DIFFERENCE BETWEEN QUANTUM MECHANICS AND QUANTUM PHYSICS

From “What is the difference between quantum mechanics and quantum physics?” (quantumphysicslady.org):

  • Both “quantum mechanics” and “quantum physics” mean the study of subatomic particles.
  • But “quantum mechanics” is more specific. It’s the term used for the field once it was formulated into mathematical laws. Then, it became a kind of mechanics.
  • Prior to the development of mathematical laws governing subatomic particles, the field was called “quantum theory” or “quantum physics.”
  • When physicists realized that quantum particles do not follow the laws of classical mechanics, they called the new field “quantum theory.” At first, physicists developed quantum laws which were heavily verbal, rather than highly mathematical.
  • In the 1920’s, physicists developed mathematical laws which describe quantum behavior.

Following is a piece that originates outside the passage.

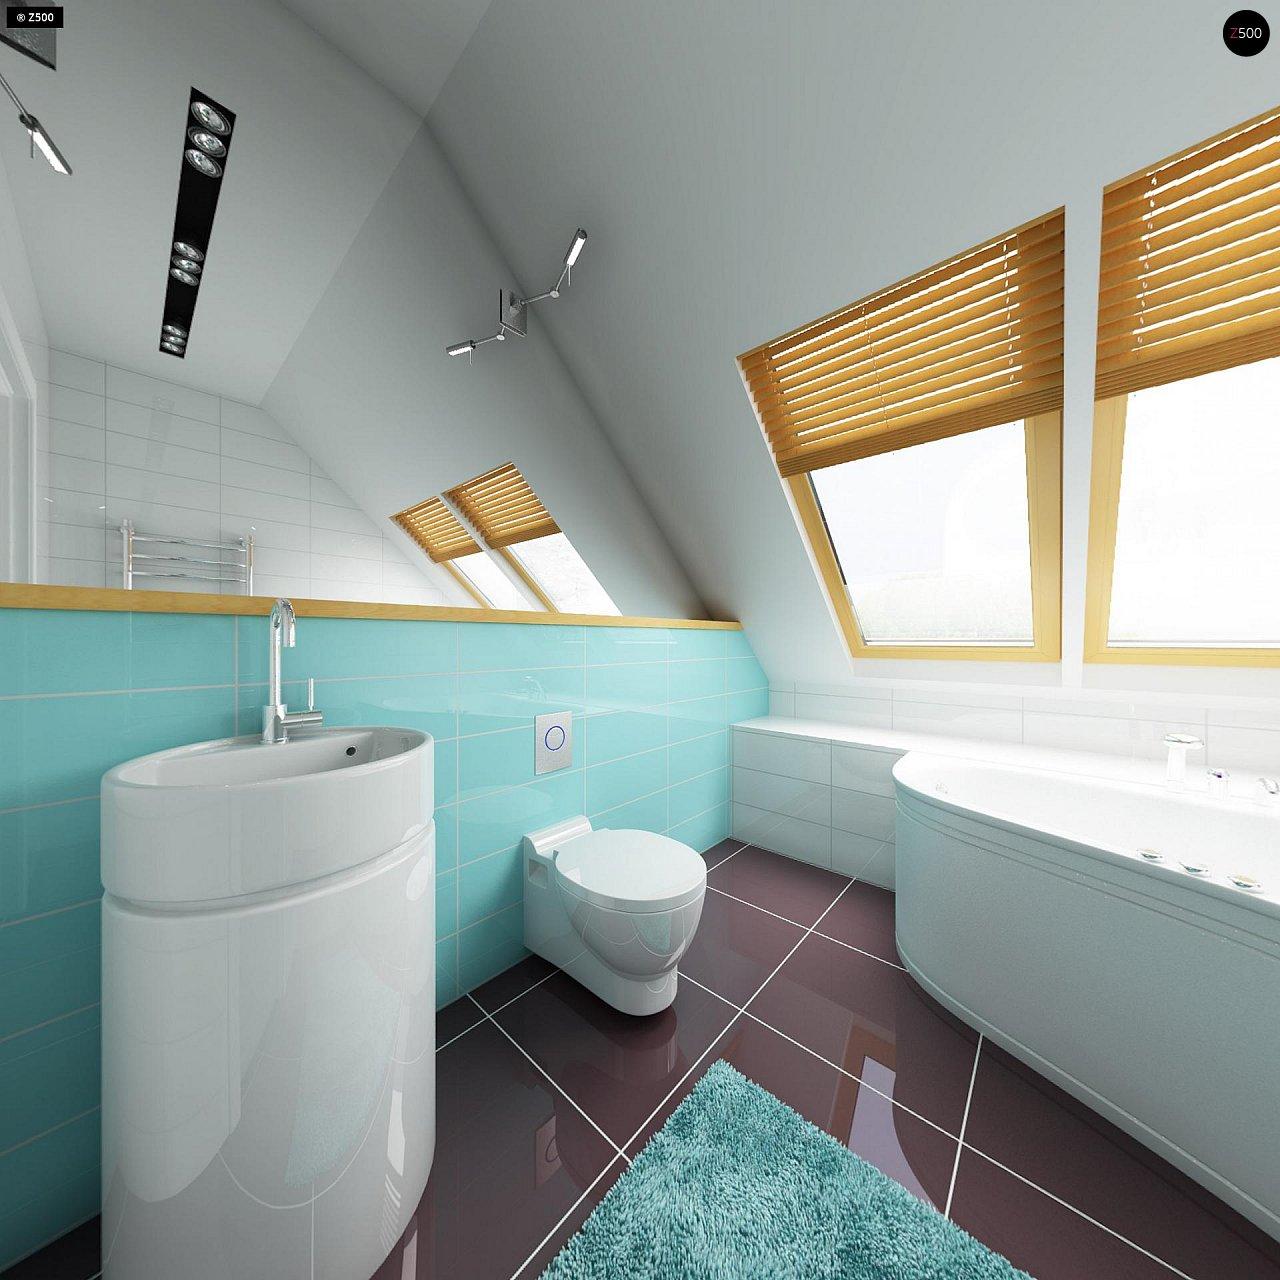 Практичный дом для небольшого участка, простой в строительстве, дешевый в эксплуатации. 13

In particular, Erwin Schrodinger and Werner Heisenberg developed the key mathematical laws governing quantum particles (Schrodinger’s Wave Equation and Heisenberg Matrix Mechanics). At this point, physicists began calling the new field “quantum mechanics” on the model of the phrase “classical mechanics.”
  • The term “quantum mechanics” means the same thing as “quantum physics” though the term “mechanics” emphasizes doing calculations.

BIRTH OF QUANTUM THEORY

From “Einstein’s revolutionary paper” (physicsworld.com):

  • The big idea in Einstein’s March paper [“On a heuristic point of view concerning the production and transformation of light” (Ann. Phys., Lpz 17 132-148)] was his gentle suggestion that light consists of individual, discrete, localized and indivisible quantum particles. This blithely made, audacious claim contradicted a century of compelling empirical evidence, and it challenged the crowning achievement of 19th-century theoretical physics: the electromagnetic theory of light.
  • It can be argued persuasively that Einstein’s March paper was the start of quantum physics.
  • The quantum idea had been introduced by Max Planck in 1900; however, he did this tentatively and under duress (see “Max Planck: the reluctant revolutionary” by Helge Kragh Physics World December 2000 pp31-35).
  • For Planck, the “energy elements” were not physically real, but a mathematical means to his objective. Planck was adamantly opposed to the concept of light quanta.
  • Einstein’s path to the light quantum was not guided by experimental data: there were no data in 1905 that required light to be particulate. Einstein’s starting point was the obvious contradiction between continuity and discontinuity. Physicists were pleased with their electromagnetic wave theory of light, and were intrigued by atoms and the evidence for subatomic particles. But even the cleverest among Einstein’s contemporaries were not troubled by the continuity of light and the discontinuity of atoms. Einstein, however, was concerned. He recognized the fundamental problems that occur when extended light waves and point-like atoms are brought together – for example, when atoms emit or absorb light. It was this juxtaposition of light and atoms that he addressed in his March paper

Further the physicsworld.com article shares the following text from Einstein’s paper (“what the science journalist Albrecht Fölsing has called the most “revolutionary” sentence written by a physicist in the 20th century.”):

“According to the assumption to be contemplated here, when a light ray is spreading from a point, the energy is not distributed continuously over ever-increasing spaces, but consists of a finite number of energy quanta that are localized in points in space, move without dividing, and can be absorbed or generated only as a whole.”

Further the article says:

  • Einstein’s light quantum does not come from a theory that ends with quod est demonstratum. The first two sections of his March paper are tangential to his purpose, and what follows comes from Einstein’s deep well of intuition; specifically, his quantum postulate emerges from an analogy between radiation and an ideal gas.
  • … Einstein extends, by analogy, his results for a sample of an ideal gas to a sample of radiation …
  • Einstein’s “revolutionary” paper has the strange word “heuristic” in the title. This word means that the “point of view” developed – that is, the light particle – is not in itself justified except as it guides thinking in productive ways.
  • Therefore, at the end of his paper, Einstein demonstrated the efficacy of light quanta by applying them to three different phenomena. These were the photoelectric effect, the ionization of gases by ultraviolet light, and Stokes’ rule …
  • It was not until Arthur Compton’s 1923 X-ray scattering experiment, which showed light bouncing off electrons like colliding billiard balls, that physicists finally accepted Einstein’s idea. Bohr, however, continued to reject the light particle until mid-1925, and had even been willing to sacrifice the conservation of energy to keep the light quantum off the stage of physics.
  • In 1926 Einstein’s light particle became the photon, named by Gilbert Lewis. Since then, the photon has become omnipresent in physics. Gone is the electromagnetic field spreading continuously through space, and in its place is a quantized field. Gone is Coulomb’s force continuously filling the space between two charges; in its place are two charges exchanging localized photons.